For creators of data

  1. 5. Create canonical datasets. FAIR research data principles recommend that data should be Findable, Accessible, Interoperable and Reusable.Footnote 51 To ensure that data is accessible, we encourage colleagues to work with their communities to develop canonical, open-access datasets. In many fields certain online databases have become, by default, the scholarly standard; however, where these are behind paywalls, they are not accessible to all. Not only is this not equitable, it also means that any historical arguments based on such documents are not necessarily reproducible (which is increasingly an expectation for rigorous digital historical research). We advocate community efforts to establish alternative datasets that are openly available to all. This may involve compromising on their size; or, having only derived, abstracted features, such as n-grams for research data that may otherwise be restricted, due to commercial interests or copyright. One of the additional benefits of focusing attention on building canonical datasets is that they can be selected for quality, or to meet certain standards of representativeness that a larger dataset might not be able to provide – issues that frequently dog historical collections, digitised or otherwise. Initiatives in this direction also enable collective effort to ensure iterative approaches to data cleaning or curation, and documentation. The benefits for scholarship should be clear: if research in digital or computationally inflected history is to develop a rich critical literature that parallels existing historiographies, then it must become possible for communities of scholars to gather around particular datasets (much as historians have returned to the same archives) in order to extend and challenge each other’s interpretations. This will only be possible if such datasets are freely open and available, without gatekeeping (such as making data available only on request). For a model of how this can work, we can look to computational literary studies, where Andrew Piper, Ted Underwood and their collaborators have published derived datasets from the Hathi Trust, which have been used at the centre of numerous studies.Footnote 52

  2. 6. Consider the discoverability of your data. We know that the proliferation of repositories is a barrier to data being findable (the first of the FAIR data principles). As the TaNC programme explores, having a national collections portal is a powerful way to facilitate discoverability (as well as interoperability); but the recommendations of TaNC will take time to be enacted, and there is unlikely to be the scale of funding to do for humanities data what DISSCO UK will do to unify scientific collections in a single platform. More realistically, we would recommend that sub-communities within history work to establish local norms by choosing to submit their research data to the same locations, which, crucially, should provide a durable Digital Object Identifier (DOI). The coverage of UKDS beyond ESRC-funded projects has been user-driven and could easily be expanded with coordination; and it has the benefit of resources to help users think about how qualitative data can be stored, contextualised and accessed.Footnote 53 But equally a coordinated effort might opt for an institutional or disciplinary repository, the repo of the cultural heritage institution where the data originated, or even an open science repository such as Zenodo. As noted already above, efforts to create discipline or period-specific communities have been trialled by the Post45 and Nineteenth-century Data collectives. The fact that the latter has only three datasets goes to show that establishing new community practices can be a slow process, even with willing collaborators. We therefore suggest that any future efforts in this direction should seek the support of national and international associations and learned societies, such as the Royal Historical Society, perhaps underscored by updated requirements to publish data from the journals linked to these organisations.

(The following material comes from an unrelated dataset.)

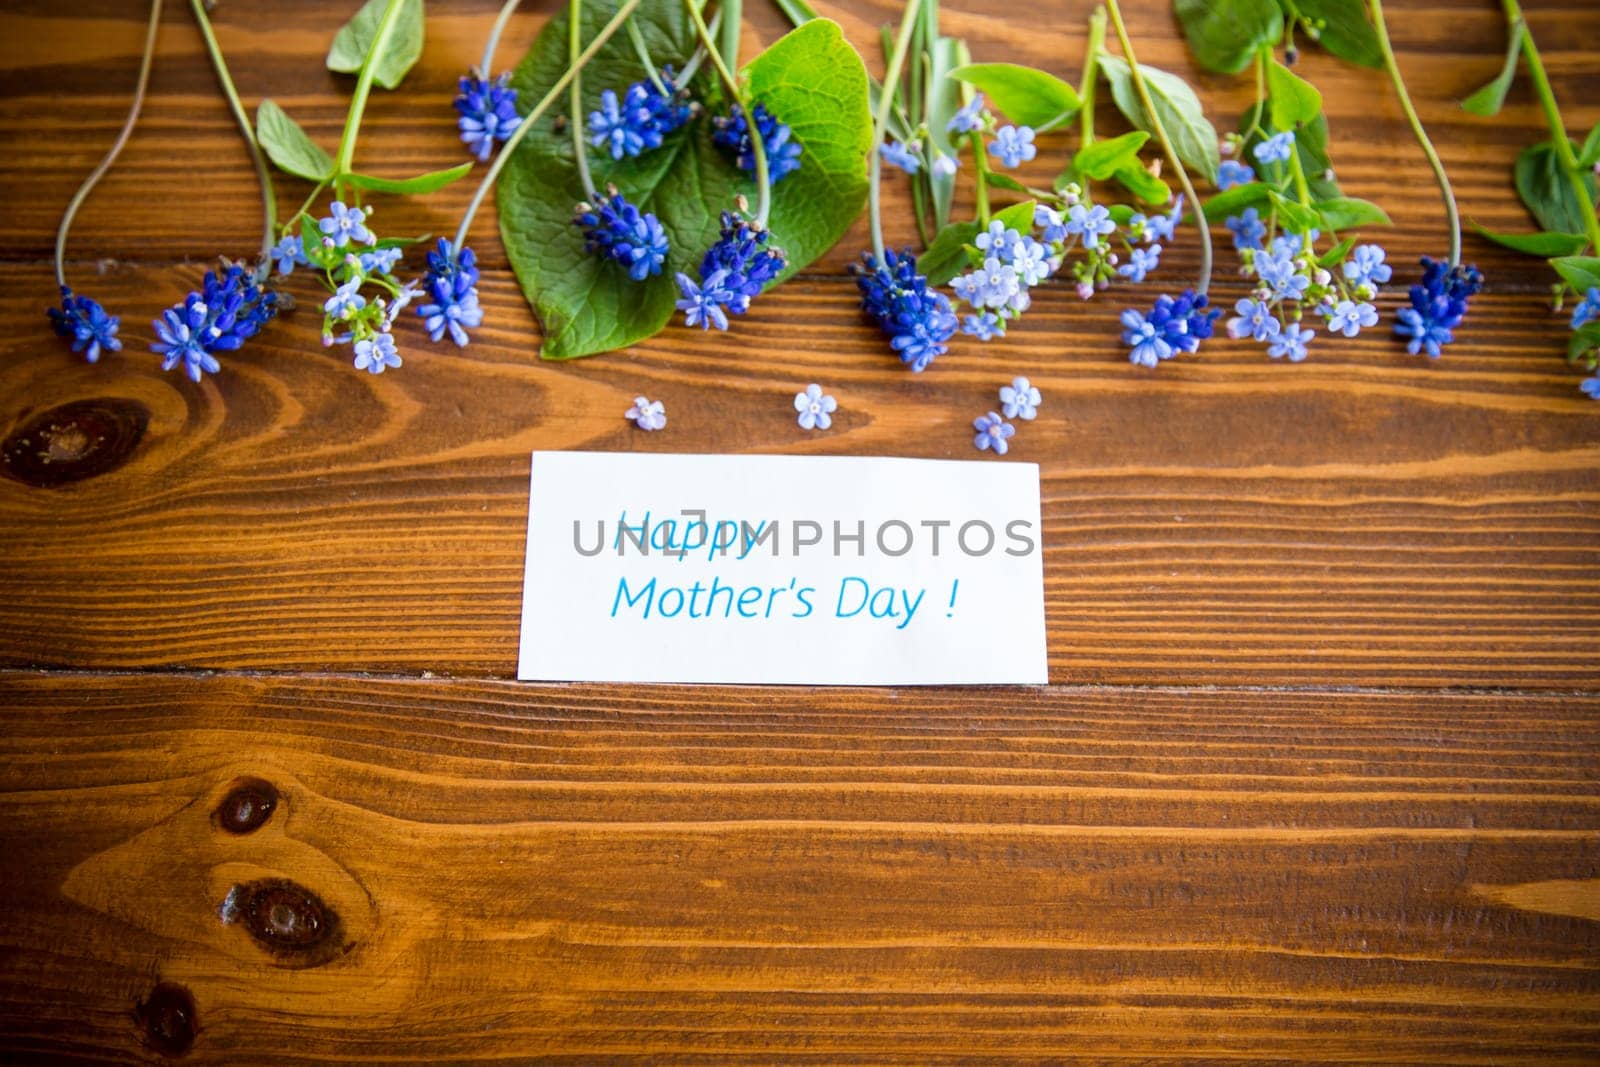 Wooden background with spring flowers and empty space for text.

  3. 7. Create greater awareness of new datasets to drive reuse. Depositing data without signposting it is like burying it. One key way of raising the profile of new historical research data is to share it as a data paper in a venue such as The Journal of Cultural Analytics or JOHD. Data papers make datasets more accessible and discoverable – both practically and intellectually – to other historians. By providing an account of a dataset’s provenance, structure, affordances and value for future research, data papers pave the way for research data to be more readily reusable (the fourth of the FAIR principles). Perhaps just as importantly, these accounts also make visible the labour of the data creators for considerations such as promotion. Other modes of signposting may include the creation of published links to datasets’ DOI through cross depositing, indexing via reporting mechanisms (e.g. Researchfish, which populates the UKRI ‘Gateway to Research’, although this is to be shut down in 2027)Footnote 54 and citations in linked publications. The more links we make, the more pathways there are to the data.

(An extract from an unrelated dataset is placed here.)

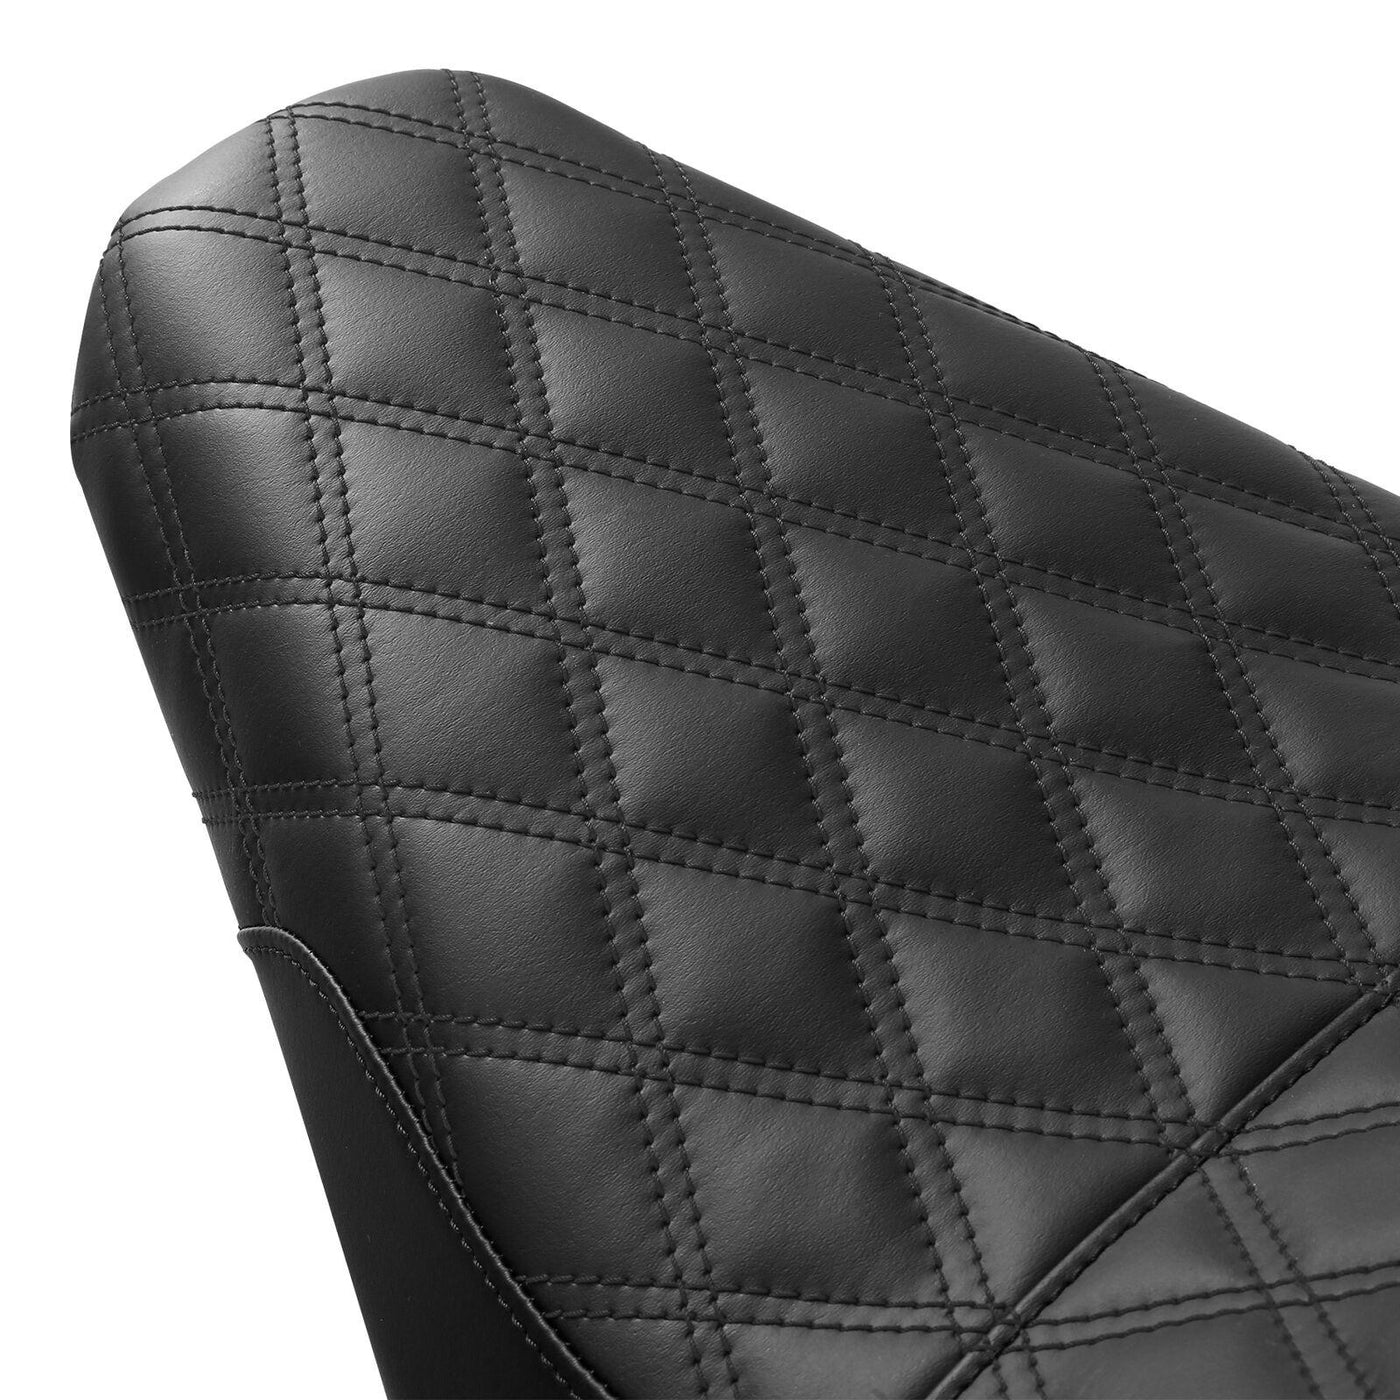 Driver Rider Passenger Seat Fit For Harley Softail Street Bob Standard 2018-2021 - Moto Life Products

  4. 8. Build communities around your data. The fourth of the FAIR principles – reusability – can also be supported by building communities around datasets Our experience collaborating on the Data/Culture project has demonstrated that some of the most effective ways to build and maintain a community is by delivering workshops and training, publishing tutorials and undertaking ‘community calls’ or other mechanisms for providing ongoing support to users of a given dataset.Footnote 55 In our case the community call mechanism was trialled on a piece of software we developed on LwM (MapReader). We met online every month to share examples of ways our material was being reused by others, as well as offering technical support and critical discussion of the software itself. This format is common among software developers but could easily be adapted to build community and collaborations around a given historical dataset. The benefit of building such a community is that it supports the canonisation of research datasets by driving reuse and citation, as well as creating a community of practice.Footnote 56

  5. 9. Develop and support mapping exercises. While there is hope that future investment may provide a one-stop solution for finding historical data, it is likely to be steered to some extent by the UK government’s AI agenda, and will probably be delivered in partnership with cultural heritage institutions.Footnote 57 Because these interests may not necessarily align with the interests and needs of historians, we suggest that mapping exercises are essential to record the development of the wider data landscape. This may need to be implemented from below by historians. The Data/Culture project suggested to the AHRC that existing reporting mechanisms could be harnessed for the purposes of indexing UK arts and humanities research data. UKRI-funded projects already have a reporting requirement through Researchfish. Despite known problems with the interface and the UK’s ‘Gateway to Research’ website, the reporting platform could be used to collect new datasets for a central index automatically, which could then link out to distributed repositories. Mapping data generated by completed projects is a harder task. One route would be to audit all projects funded over the last twenty years and to check which have resulted in data outputs, if they are still accessible, and if so, where they currently reside. Similar projects could be undertaken in other geographical areas in collaboration with other national funding bodies. More nuance could be provided to the resultant picture via a crowdsourced mapping exercise of data assets known and used within the broader communities whose work has been research-council funded. Comparing these two approaches would help show which projects have been effective at creating and sharing data, and which have allowed data to be forgotten or kept private; and relatedly, what factors distinguish one type of project from the other.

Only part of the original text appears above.